A KIRKUS REVIEWS BEST BOOK OF THE YEAR


In her most urgent book yet, New York Times bestselling author Jessica Valenti shines a light on the conservative assault on women’s freedom, cutting through the misinformation and overwhelm to inform, engage, and enrage. From the attacks Americans know about to the ones anti-abortion lawmakers and groups are trying to hide, Valenti details the tactics and horrors that she’s been painstakingly tracking in her acclaimed newsletter, Abortion, Every Day.
 
Abortion gives voice to women’s frustration and outrage in a moment when they’re fed up with being talked over and diminished.

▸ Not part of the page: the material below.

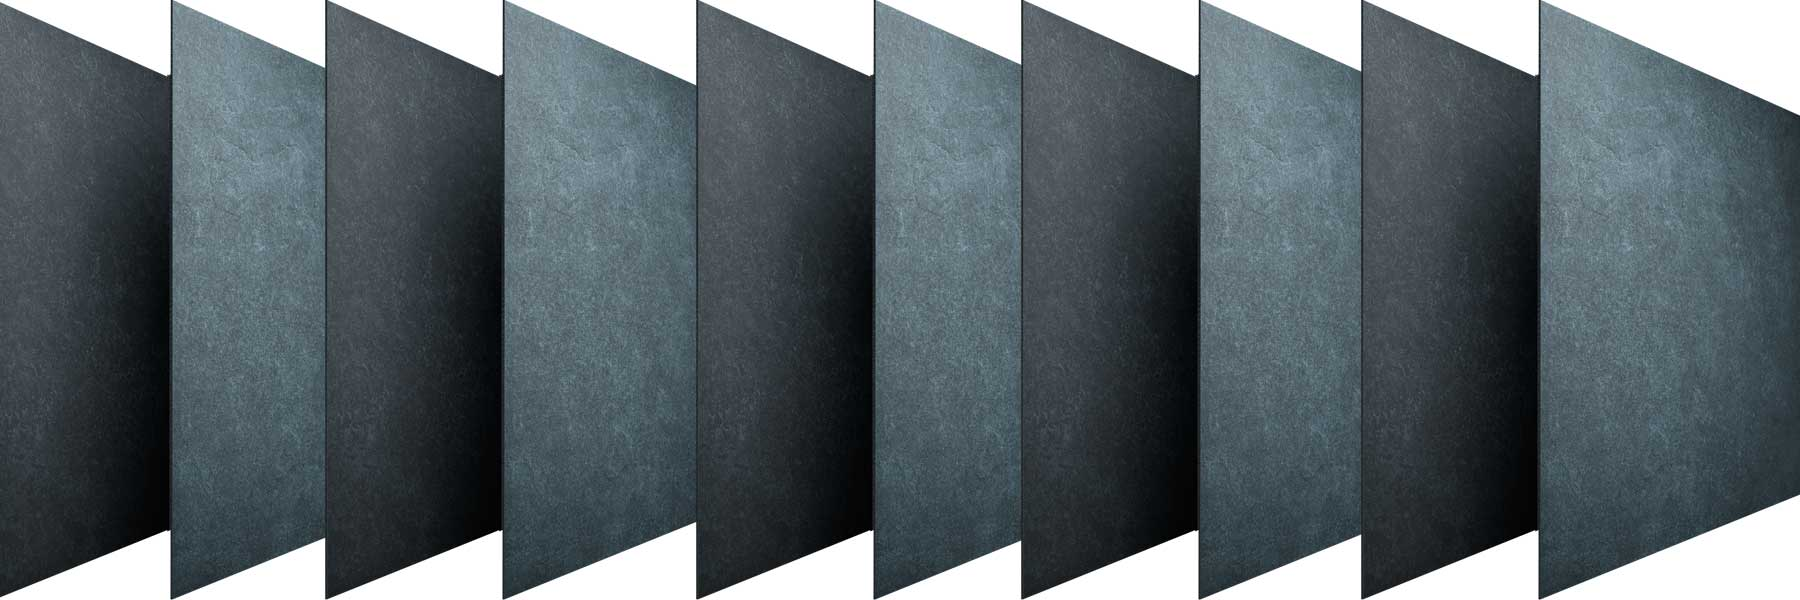 Slider Trespa Meteon Fassadenplatten NA17 Matt Natural Graphite Und N16 Belgian Bluestone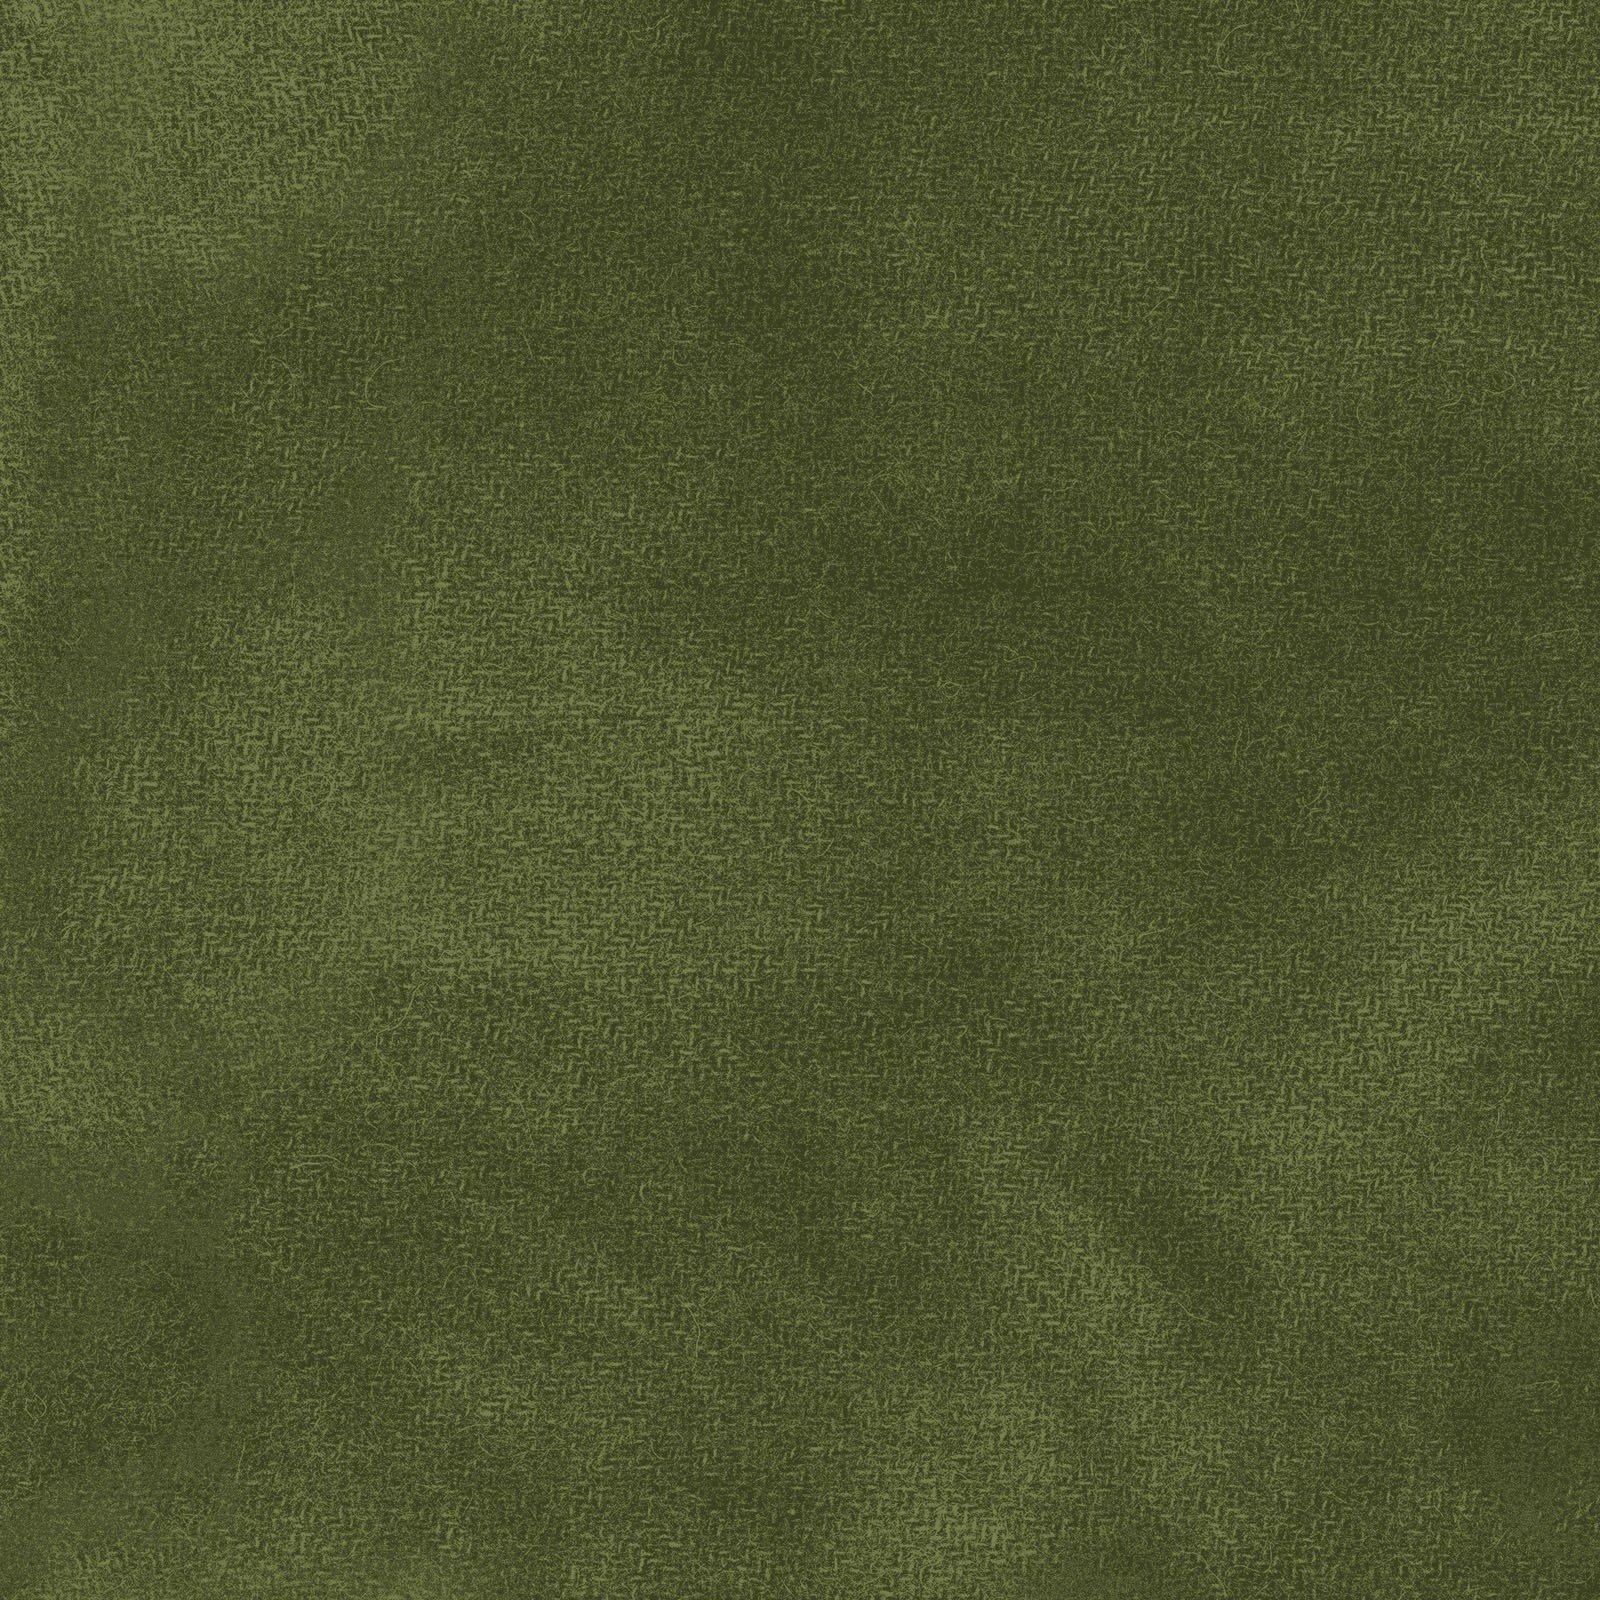 Color Wash Woolies Flannel - Cyprus Garden

And in an election year when abortion is dominating the national conversation, Valenti provides the language, facts, and context readers need to feel confident when talking about the attacks on their bodies and freedom.
 
Abortion is a handbook for the overwhelming majority of Americans who support abortion rights, whether they’re seasoned activists or those just starting to learn. With the wit, expertise, and blunt moral clarity that’s made her writing popular for decades, Valenti offers an essential manifesto in an urgent moment.
Introduction


I’ll be honest, I resent having to write this book. I’m livid that of all the things I could be doing right now, I am defending my humanity. It feels, as a friend of mine once put it, humiliating. Women should not have to convince the world that we are full people worthy of rights, protections, and the ability to control our own bodies. Yet here we are.

And here I am, twenty years after I started writing about feminism, and thirty-two years since I went to my first pro-choice march with my mother as a surly eighth grader. Today I am even more surly. Because now I have a thirteen-year-old daughter—young enough to sleep with a teddy bear, but old enough to be forced to carry a pregnancy against her will.

It was her I cried for the night the Dobbs decision was leaked. I remember crawling into bed with my husband and sobbing. Wailing, really. I kept saying, “My daughter, my daughter.” A mother’s job is to protect her children. How could I possibly do that now?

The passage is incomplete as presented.